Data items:
__________________________________________________
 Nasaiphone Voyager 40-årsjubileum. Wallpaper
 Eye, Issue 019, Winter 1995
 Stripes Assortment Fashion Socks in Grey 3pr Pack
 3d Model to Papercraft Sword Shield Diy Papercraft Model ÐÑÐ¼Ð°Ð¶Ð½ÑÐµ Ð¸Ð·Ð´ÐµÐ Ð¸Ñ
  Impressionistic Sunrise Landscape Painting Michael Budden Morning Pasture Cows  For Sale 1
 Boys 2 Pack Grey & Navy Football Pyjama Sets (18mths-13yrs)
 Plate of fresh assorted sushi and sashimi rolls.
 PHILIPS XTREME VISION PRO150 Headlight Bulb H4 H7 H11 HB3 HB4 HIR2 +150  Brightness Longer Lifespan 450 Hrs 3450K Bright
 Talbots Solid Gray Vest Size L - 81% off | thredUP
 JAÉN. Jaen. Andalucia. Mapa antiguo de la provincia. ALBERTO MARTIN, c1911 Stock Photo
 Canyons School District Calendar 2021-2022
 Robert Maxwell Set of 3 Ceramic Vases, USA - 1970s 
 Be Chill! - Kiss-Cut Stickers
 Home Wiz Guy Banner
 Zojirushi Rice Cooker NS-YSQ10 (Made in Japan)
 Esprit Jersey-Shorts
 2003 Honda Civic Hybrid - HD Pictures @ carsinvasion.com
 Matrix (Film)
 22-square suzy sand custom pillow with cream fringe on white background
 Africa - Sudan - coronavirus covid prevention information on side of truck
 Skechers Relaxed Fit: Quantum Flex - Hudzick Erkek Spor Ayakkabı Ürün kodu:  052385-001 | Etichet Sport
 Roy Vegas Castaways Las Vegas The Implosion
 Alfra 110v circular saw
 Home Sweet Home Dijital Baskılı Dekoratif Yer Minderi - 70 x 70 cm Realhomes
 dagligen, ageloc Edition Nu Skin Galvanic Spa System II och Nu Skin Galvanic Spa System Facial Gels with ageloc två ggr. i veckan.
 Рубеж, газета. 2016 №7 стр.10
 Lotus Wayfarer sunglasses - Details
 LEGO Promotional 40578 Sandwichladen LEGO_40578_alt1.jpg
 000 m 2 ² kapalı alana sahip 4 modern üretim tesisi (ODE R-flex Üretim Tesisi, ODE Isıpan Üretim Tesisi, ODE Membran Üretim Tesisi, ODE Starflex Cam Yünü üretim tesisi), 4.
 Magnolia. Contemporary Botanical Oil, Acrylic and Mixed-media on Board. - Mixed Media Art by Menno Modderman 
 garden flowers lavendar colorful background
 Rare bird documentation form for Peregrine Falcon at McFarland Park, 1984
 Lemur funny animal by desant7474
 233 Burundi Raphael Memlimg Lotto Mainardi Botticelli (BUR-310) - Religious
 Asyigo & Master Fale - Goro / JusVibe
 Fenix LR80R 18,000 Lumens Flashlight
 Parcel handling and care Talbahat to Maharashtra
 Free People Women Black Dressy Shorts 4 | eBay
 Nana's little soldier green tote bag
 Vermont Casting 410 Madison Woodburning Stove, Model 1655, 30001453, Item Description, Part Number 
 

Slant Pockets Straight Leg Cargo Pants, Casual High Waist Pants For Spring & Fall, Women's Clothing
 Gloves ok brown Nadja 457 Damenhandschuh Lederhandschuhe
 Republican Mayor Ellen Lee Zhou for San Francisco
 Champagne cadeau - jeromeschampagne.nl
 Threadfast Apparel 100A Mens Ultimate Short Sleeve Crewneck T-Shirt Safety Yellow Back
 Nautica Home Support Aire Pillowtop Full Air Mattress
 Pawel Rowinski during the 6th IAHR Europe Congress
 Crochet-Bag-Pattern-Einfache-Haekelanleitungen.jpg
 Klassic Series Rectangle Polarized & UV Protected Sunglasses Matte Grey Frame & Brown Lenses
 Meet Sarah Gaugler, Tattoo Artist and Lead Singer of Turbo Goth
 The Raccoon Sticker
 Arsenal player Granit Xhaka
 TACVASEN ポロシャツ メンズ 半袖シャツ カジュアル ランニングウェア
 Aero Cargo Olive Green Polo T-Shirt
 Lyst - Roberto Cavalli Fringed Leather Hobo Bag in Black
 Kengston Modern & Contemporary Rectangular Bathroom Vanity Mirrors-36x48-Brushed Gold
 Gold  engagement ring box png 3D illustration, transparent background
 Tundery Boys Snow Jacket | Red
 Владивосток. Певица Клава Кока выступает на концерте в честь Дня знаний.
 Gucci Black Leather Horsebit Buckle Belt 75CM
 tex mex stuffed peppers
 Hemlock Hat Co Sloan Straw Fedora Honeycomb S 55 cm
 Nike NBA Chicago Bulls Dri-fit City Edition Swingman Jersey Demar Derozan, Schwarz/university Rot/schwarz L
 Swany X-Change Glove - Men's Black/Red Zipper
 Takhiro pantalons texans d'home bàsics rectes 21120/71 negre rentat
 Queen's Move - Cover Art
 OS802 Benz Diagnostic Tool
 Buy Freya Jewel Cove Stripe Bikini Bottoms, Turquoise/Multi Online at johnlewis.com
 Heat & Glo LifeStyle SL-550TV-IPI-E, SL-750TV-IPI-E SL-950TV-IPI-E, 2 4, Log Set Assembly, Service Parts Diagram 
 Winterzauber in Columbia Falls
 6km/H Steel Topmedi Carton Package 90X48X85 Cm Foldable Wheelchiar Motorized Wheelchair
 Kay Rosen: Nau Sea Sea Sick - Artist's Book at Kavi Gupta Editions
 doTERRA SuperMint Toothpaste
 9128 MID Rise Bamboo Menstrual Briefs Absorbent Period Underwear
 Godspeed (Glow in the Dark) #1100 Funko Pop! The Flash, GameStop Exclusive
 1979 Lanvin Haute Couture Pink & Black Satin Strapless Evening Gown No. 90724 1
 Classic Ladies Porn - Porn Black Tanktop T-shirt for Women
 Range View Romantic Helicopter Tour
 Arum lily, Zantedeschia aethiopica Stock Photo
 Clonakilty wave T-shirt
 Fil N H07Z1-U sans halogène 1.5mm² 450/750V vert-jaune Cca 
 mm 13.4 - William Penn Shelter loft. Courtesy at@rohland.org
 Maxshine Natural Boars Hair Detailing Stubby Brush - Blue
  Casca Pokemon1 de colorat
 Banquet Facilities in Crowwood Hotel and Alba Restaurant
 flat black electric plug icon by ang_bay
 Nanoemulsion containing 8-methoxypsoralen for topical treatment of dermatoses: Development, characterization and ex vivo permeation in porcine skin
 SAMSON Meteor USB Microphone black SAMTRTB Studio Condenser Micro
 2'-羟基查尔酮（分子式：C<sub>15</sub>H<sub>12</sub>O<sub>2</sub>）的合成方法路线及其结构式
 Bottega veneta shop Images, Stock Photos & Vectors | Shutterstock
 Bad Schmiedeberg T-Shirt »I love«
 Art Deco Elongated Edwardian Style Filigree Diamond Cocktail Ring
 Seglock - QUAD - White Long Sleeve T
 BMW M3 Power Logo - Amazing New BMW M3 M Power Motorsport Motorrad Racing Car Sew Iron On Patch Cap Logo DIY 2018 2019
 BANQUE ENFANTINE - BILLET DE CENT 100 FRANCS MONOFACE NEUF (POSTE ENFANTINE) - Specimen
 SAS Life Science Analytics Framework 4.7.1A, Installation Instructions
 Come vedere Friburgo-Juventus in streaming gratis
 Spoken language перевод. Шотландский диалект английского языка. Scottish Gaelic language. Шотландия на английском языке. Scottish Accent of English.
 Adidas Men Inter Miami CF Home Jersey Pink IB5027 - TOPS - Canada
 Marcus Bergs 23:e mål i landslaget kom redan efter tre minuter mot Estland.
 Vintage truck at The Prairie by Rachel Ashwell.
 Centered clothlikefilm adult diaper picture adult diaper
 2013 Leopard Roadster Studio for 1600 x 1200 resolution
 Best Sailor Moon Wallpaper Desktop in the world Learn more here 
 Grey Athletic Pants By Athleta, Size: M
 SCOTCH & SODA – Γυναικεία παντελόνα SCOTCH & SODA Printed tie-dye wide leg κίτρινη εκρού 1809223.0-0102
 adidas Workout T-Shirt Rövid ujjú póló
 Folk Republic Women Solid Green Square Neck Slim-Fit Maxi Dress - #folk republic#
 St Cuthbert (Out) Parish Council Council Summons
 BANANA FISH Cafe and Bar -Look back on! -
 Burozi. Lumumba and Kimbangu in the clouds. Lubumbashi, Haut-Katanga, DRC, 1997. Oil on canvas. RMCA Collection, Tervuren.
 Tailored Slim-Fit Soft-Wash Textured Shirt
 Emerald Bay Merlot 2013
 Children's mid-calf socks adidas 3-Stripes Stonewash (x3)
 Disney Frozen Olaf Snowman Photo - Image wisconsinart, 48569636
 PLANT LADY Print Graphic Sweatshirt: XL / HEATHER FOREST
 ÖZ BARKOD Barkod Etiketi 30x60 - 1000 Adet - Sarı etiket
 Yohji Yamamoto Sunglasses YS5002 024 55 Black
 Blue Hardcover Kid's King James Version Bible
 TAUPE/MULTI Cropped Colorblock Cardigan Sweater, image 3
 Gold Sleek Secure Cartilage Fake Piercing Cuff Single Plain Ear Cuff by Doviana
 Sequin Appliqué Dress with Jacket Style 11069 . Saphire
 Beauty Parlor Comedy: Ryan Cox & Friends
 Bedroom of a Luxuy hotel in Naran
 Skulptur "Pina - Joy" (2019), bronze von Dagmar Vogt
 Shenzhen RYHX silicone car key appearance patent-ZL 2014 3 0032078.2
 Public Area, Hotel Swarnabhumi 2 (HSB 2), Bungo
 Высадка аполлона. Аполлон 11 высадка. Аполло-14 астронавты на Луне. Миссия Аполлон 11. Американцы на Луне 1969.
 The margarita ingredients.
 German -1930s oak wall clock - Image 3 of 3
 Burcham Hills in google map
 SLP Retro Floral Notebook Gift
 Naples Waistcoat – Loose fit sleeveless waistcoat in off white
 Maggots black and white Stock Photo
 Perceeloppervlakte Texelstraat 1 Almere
__________________________________________________
TASK INSTRUCTIONS: Take from the entries every line that has the string "Boys".

RESULT OF THIS TASK:
 Boys 2 Pack Grey & Navy Football Pyjama Sets (18mths-13yrs)
 Tundery Boys Snow Jacket | Red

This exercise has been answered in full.